The murder of Tyre Nichols and the individual and collective reckoning we have all encountered — whether or not to witness the brutal images of his final moments — sent me back to an issue that I’ve been wrestling with for two decades.
In the fall of 2001, I started writing the seeds of a book project with the intention of examining the multigenerational reverberations of my great-grandfather’s lynching. I started writing this story before the #BlackJoy movement, but even back then I faced some resistance.
“Haven’t we heard enough race stories?” a friend asked. Besides, he said, “you’re so funny. Write something funny.”
Even my mother was concerned that I was barking up the wrong tree. “Why not explore Mama’s side of the family?” she asked.

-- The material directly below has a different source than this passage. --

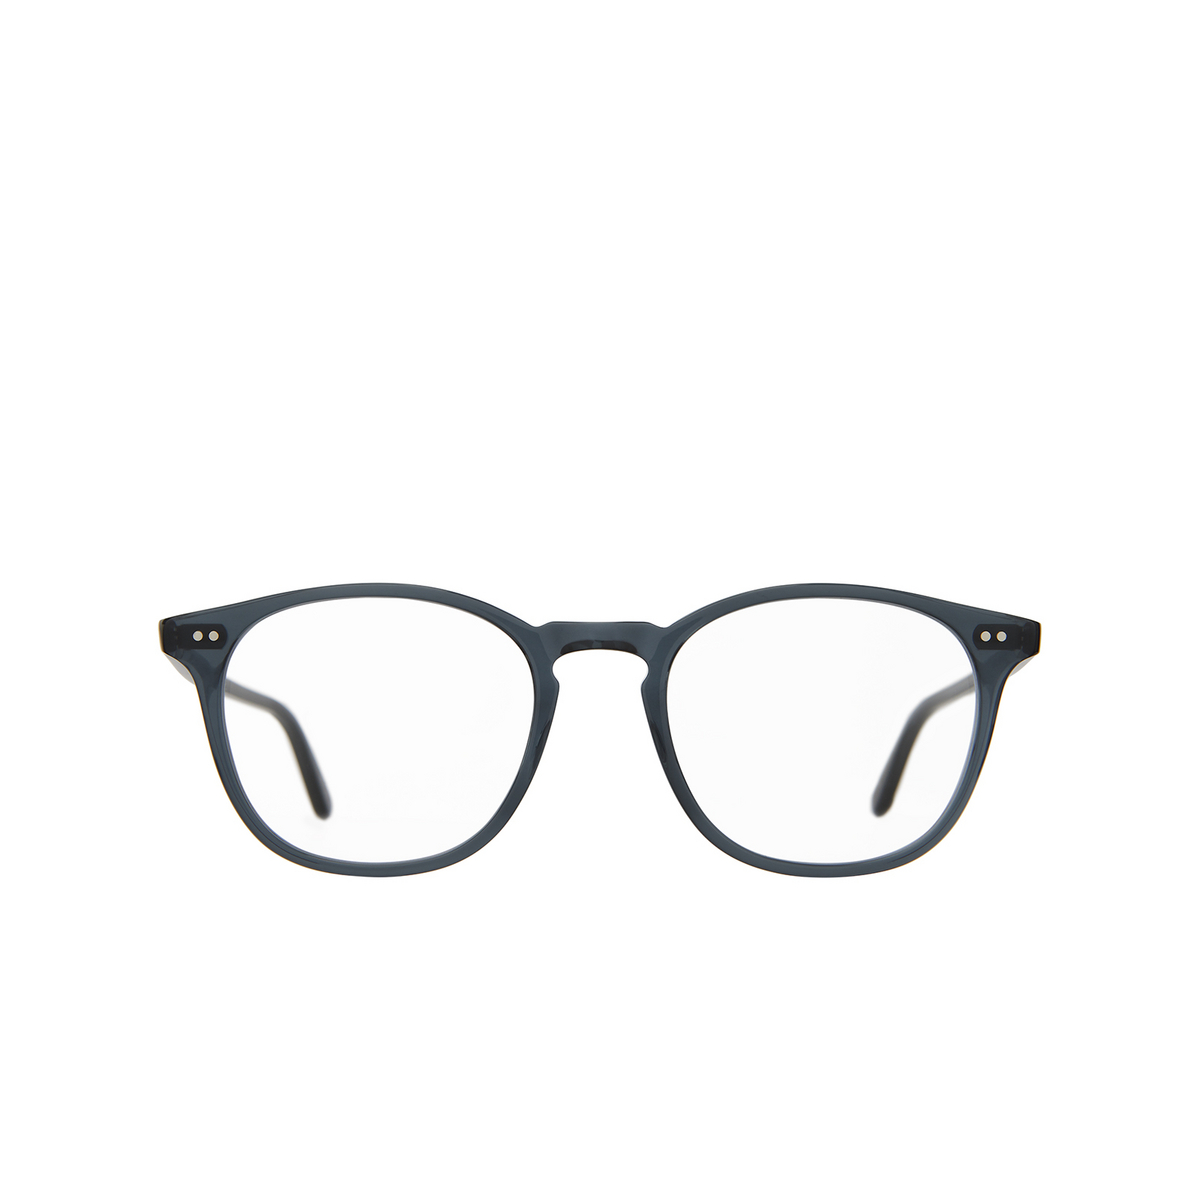 Garrett Leight JUSTICE Eyeglasses NVY Navy - front view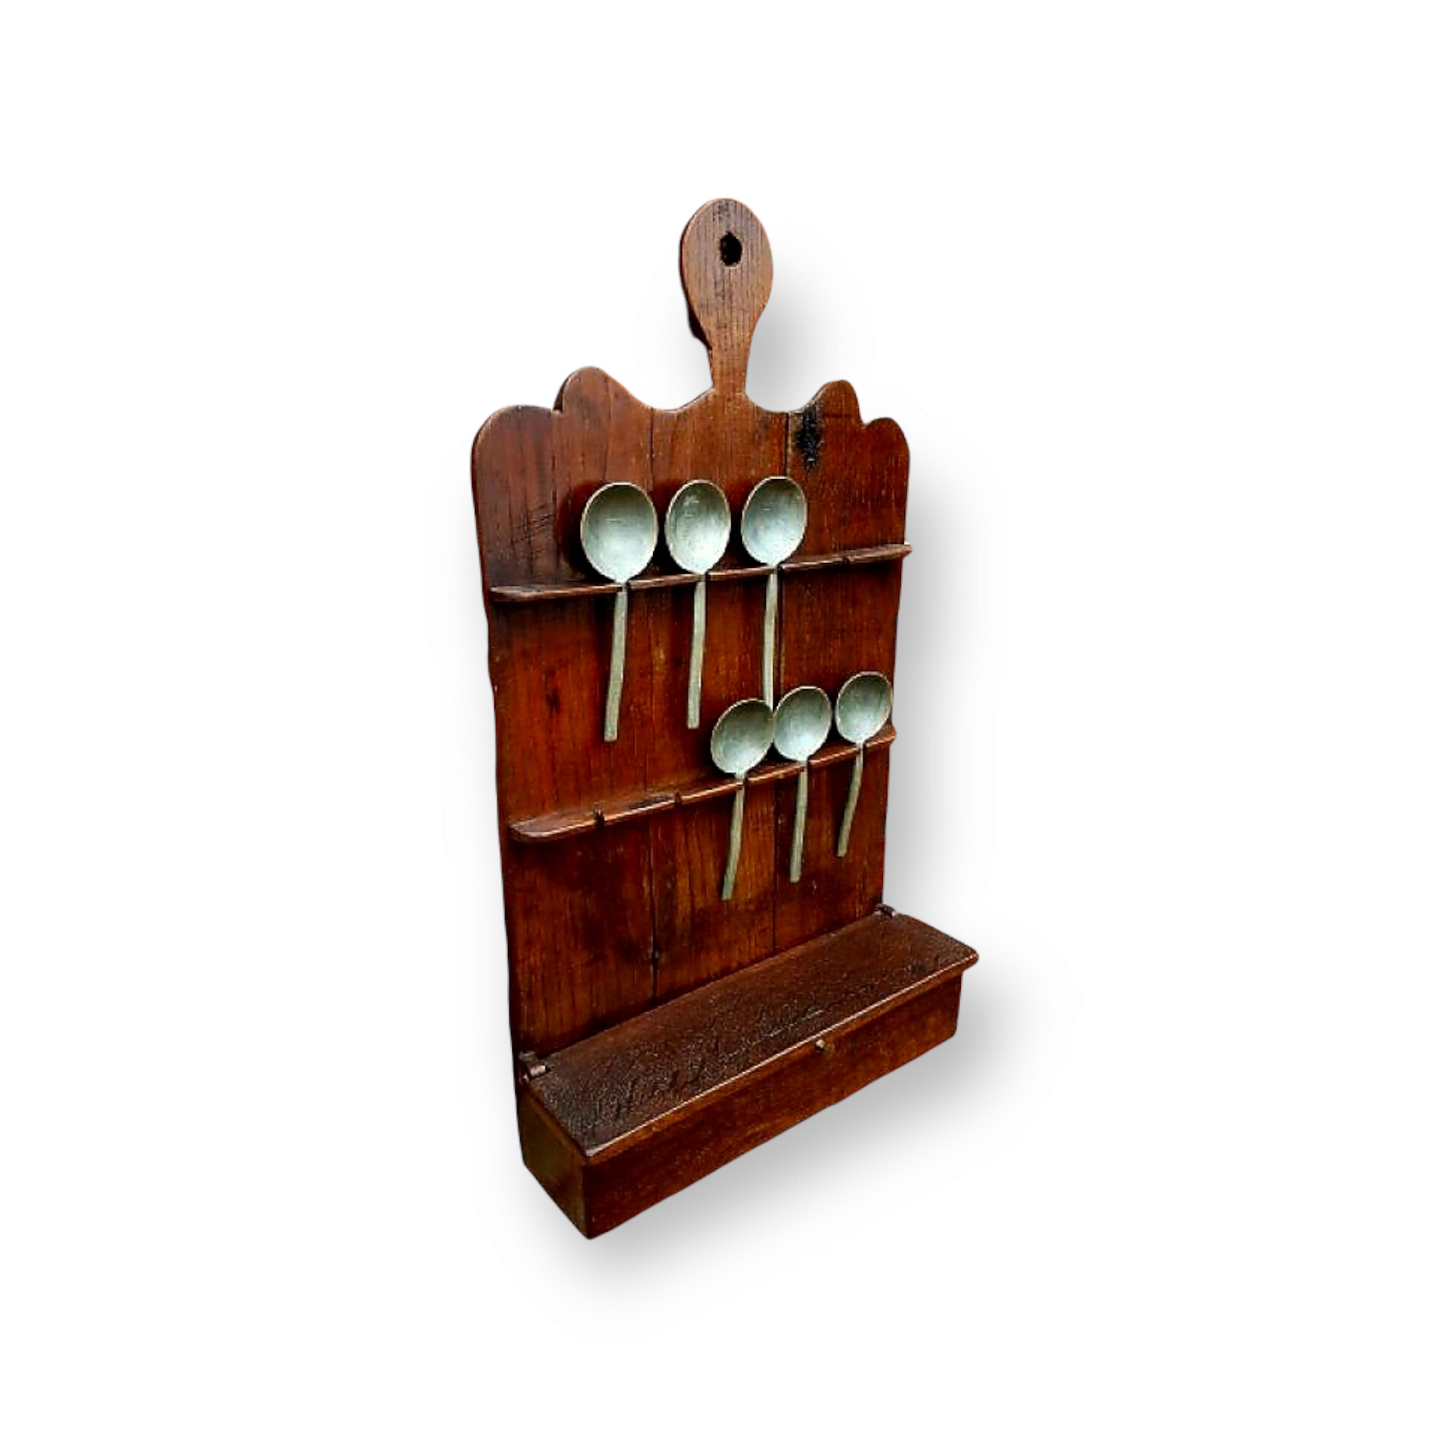 Late 18th Century George III Period English Antique Oak Spoon Rack with Associated Set of 6 x 17thC Pewter Spoons

I wanted to climb the unknown tree on which our ancestor, her father’s father — Burt Bridges — was lynched in Mississippi in 1904. I wanted to resurrect him not to sensationalize the horror, or make white people feel guilty, but because I became obsessed with Burt Bridges, the man.
Some of my great-grandmother Mary’s last words before she died in 1982 were about how beautiful of a man he was, how in love they were, how white folks lynched him because they thought he was “uppity.” Using these morsels she gave us, I attempted to capture some essence of Mary’s and Burt’s passion, worth and humanity on the page. And in weaving their story with mine, I sought to fill holes in my own heart, my own psyche.
They were more than victims, worth more than the virulence of white supremacy. And so am I.
It took me a long time to finish this work that was both devastating and life-giving. By the time my book was published in the spring of 2021, Black people were tired of what some deem “trauma porn.” They were exhausted by the pandemic and the police killing of George Floyd (a trauma record on repeat).
On all social media platforms, I was seeing some version of No more #BlackTrauma stories! and #BlackJoy, #BlackExcellence and #BlackGirlMagic only. These notions were created in opposition to racism — in essence, a trauma response — and I embrace them. There’s always some manner of “Black-girl magic” and “Black-boy joy” stirring in my house — in pots and pans, creating and parenting, loving and playing.
I do wonder, though, if calling for a cease and desist of stories that examine historical and present-day trauma could slip easily into the sludge of oppression. Could such a stance be twisted into a distant cousin of campaigns hellbent on squashing any semblance of critical race theory in our kids’ classrooms? The erasure of history and truth knows no bounds.
Certainly, it’s our prerogative to protect our mental health, to seek living over constant images of death. Which is why when the Memphis Police Department released the video Friday of its police officers chasing, tasing and beating 29-year-old Tyre Nichols, I chose not to watch it. The viral announcement that the video would go public seemed to echo the old newspaper announcements I’ve read about that advertised public viewing opportunities of the lynching and burning of Black people in the Jim Crow South.
Unable to sleep the night of the video release, I decided to tiptoe around the periphery of what I consider a modern-day lynching — Black cops or not. I watched Memphis City Council Chairman Martavius Jones get so choked up during an interview with CNN anchor Don Lemon that he couldn’t speak for long minutes. I watched Nichols’ mother, RowVaughn Wells, describe the awful aches she felt in her stomach at the same moment the officers were torturing her son and I thought: What is my trauma fatigue in comparison to this woman’s pain? I still have my Black son, though this country makes that feel like a privilege.
Ultimately, I am on the side of Mamie Till-Mobley, who insisted that the world see the monstrosity of what racists had done to her son Emmett Till. I am on the side of filmmakers such as Chinonye Chukwu, director of the movie “Till,” and Marissa Jo Cerar, director of the TV series “Women of the Movement.” Both works follow Till-Mobley in the aftermath of her son’s murder, but also capture the beauty of their subjects and the empowering activism that rose out of tragedy.
I don’t want an end to these stories. I want all stories — well-told. I want the joy of who Burt Bridges, George Floyd, Sandra Bland, Breonna Taylor, Philando Castile and Tyre Nichols were to shine bright enough to burn this prolonged cycle of lynching.